Carbon Dioxide Emissions Climb In China
According to a new study, China's carbon dioxide emissions last year were the largest in the world.
The study, released by the Netherlands Environmental Assessment Agency, says that in 2006, China produced 6,200 metric tonnes of CO2 pollution, compared with 5,800 metric tonnes from the United States, which has long been the world's top climate polluter. One reason for China's massive CO2 emissions is that over the years, the West has effectively exported a great portion of its manufacturing there.
"The only thing corporations were interested in was the price of labor," said Greenpeace UK executive director John Sauven on his blog. "This trend kept the price of our products and inflation down, but at the cost of soaring greenhouse gas emissions in China. In the long term, this policy has been a climate disaster. It's the downside of globalisation."

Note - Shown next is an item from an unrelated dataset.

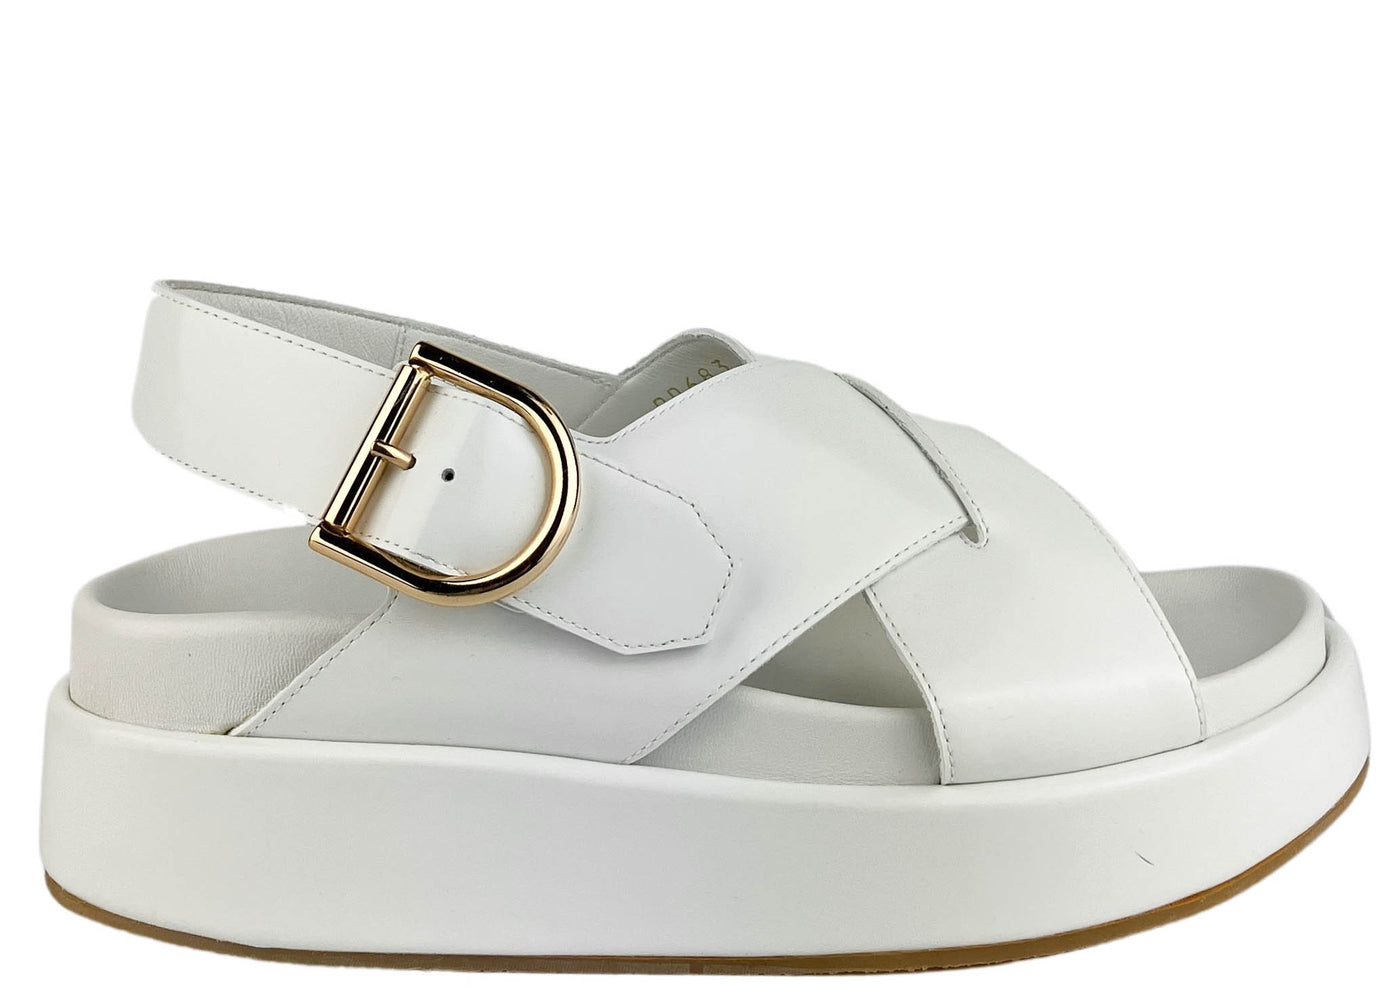 Dries Van Noten Platform Leather Sandals in White - Discounts on Dries Van Noten at UAL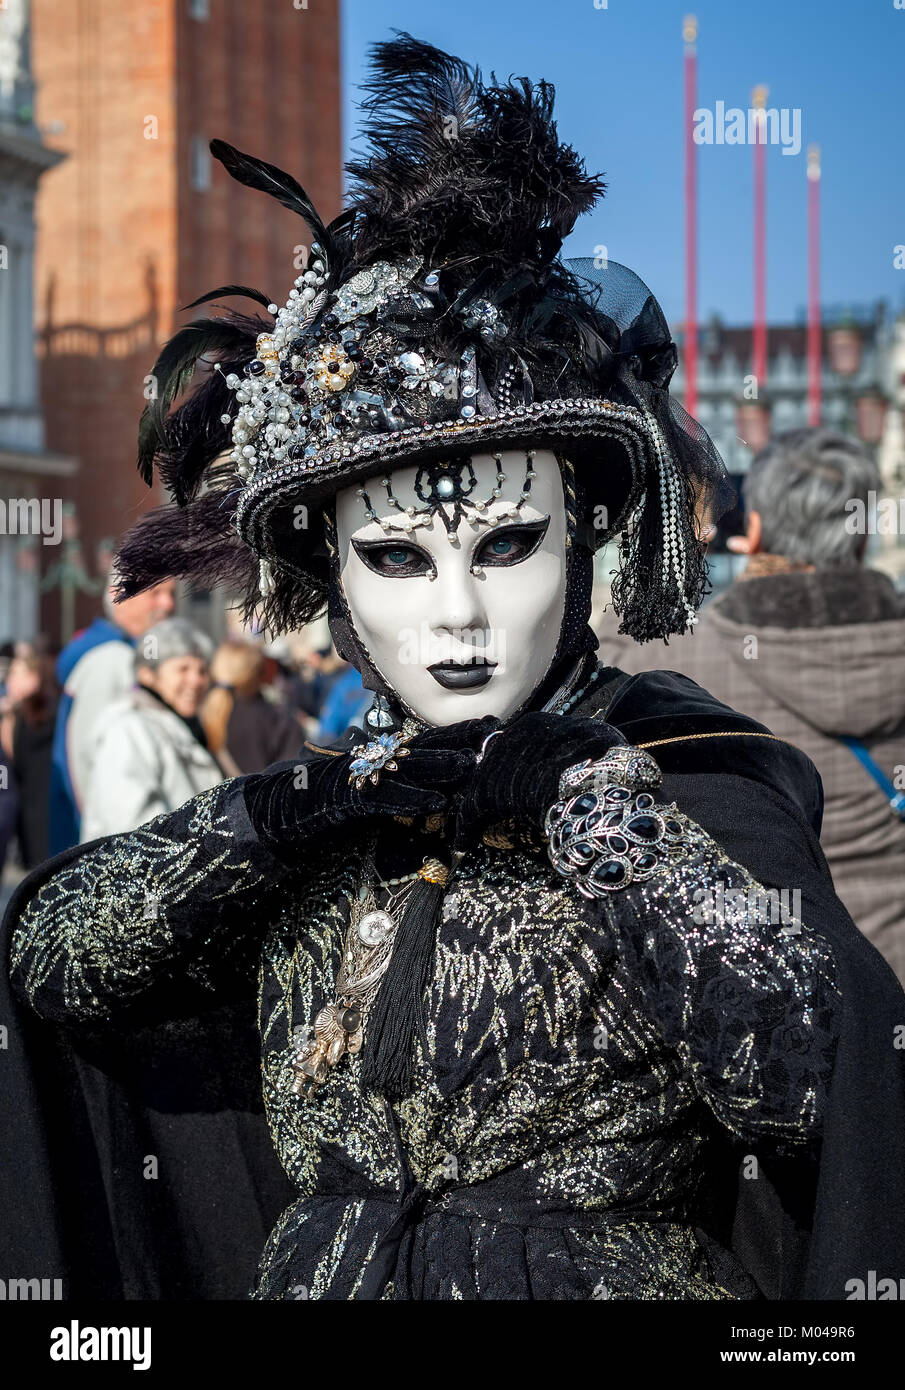 Venedig, Italien - 18. FEBRUAR 2017: vertikal orientierten Porträt einer unbekannten Frau tragen Vintage schwarz Kostüm, Handschuhe, Mütze und weiße Maske. Stockfoto

Coal accounts for 69 percent of the primary energy in China, which is 42 percent higher than the world's average. And China is beginning to realize the consequences of burning fossil fuels, not least because it is already suffering serious impacts from climate change including worsening typhoons, desertification and melting glaciers.
"To develop in a cleaner way is possible," said Greenpeace China Climate and Energy Campaign Manager Ailun Yang. "China has to decouple its economic development from the consumption of polluting fossil fuels. The Chinese government needs to raise the development ambitions for renewable energies and implement its binding energy efficiency targets."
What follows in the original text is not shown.